You try to reach the horizontal dashed line with your saw and not to pass your marked line on the side of the piece, so the saw is always at an angle. (In mathematical terms one would say that having the saw at the perfect horizontal position has measure nil, that is you never nail it: computational error will fuck up your cut.) In this way, the resulting cut instead of being horizontal is bowed and higher in the middle of the piece.

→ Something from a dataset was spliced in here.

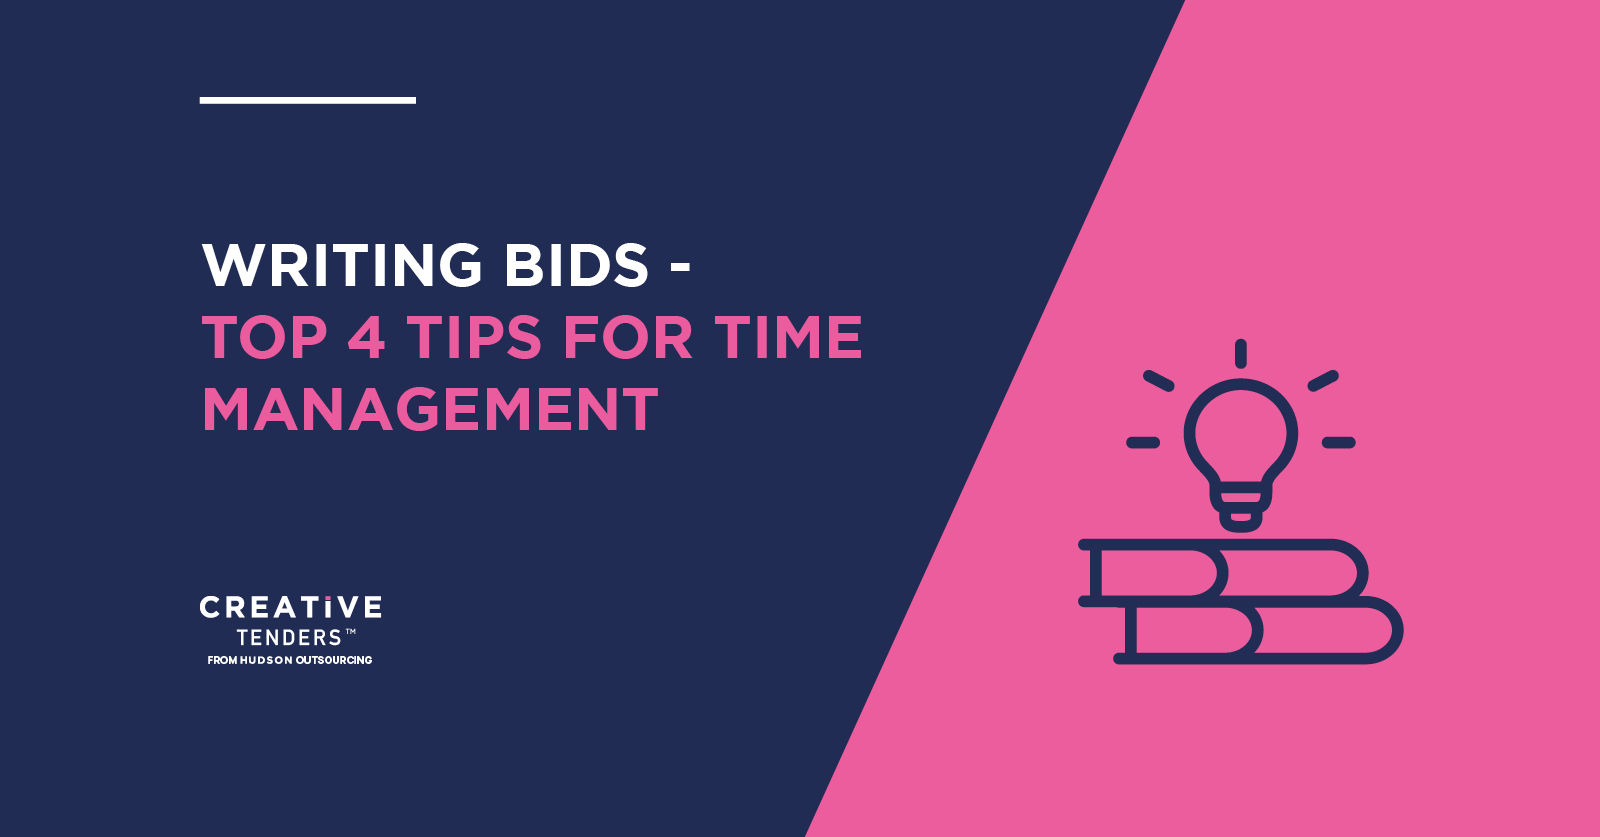 WRITING BIDS – TOP 4 TIPS FOR TIME MANAGEMENT

Now, if instead of a straight saw you would have a gentle curve on the edge, you would have the following situation (the curve is exaggerated for the sake of illustration, as Presidente Correa likes to say):

Note that I show just one position for the saw: horizontal, and not two angled ones as before. This is because you can check at the same time if you are not under your deep mark. The resulting cut will be hollow in the middle. This is perfect to have beautiful sides and be sure you are right on the money in the middle. Which in turn implies that you can chisel the waste away faster, ie, this is better. Furthermore, you have a finite interval of angles around the horizontal that will give you a good result, so it also easier to saw with a convex saw.

That’s it for today.

Soon in the store we will have Convex Chumaruri Saws. That is, chumasaru pattern saws made in Maruri, the street where I was born and where my mom’s house is.

One last thing:

I’m leaving Graz this friday. Besides some planes, chisels, a bike and 50kilos of books (that will go to a friend’s in Leipzig) waiting for me in Germany, those are all the material possessions that I have accumulated this 6 years in Europe. In chile I have another bike, a small japanese lathe, more books and perhaps some clothes. I usually go in summer so I’m most of the time wearing just a sari. Hopefully I will manage to inherit some of the furniture of my mother. It would be nice to have a couch again. Last time I had one was in 2012, I think.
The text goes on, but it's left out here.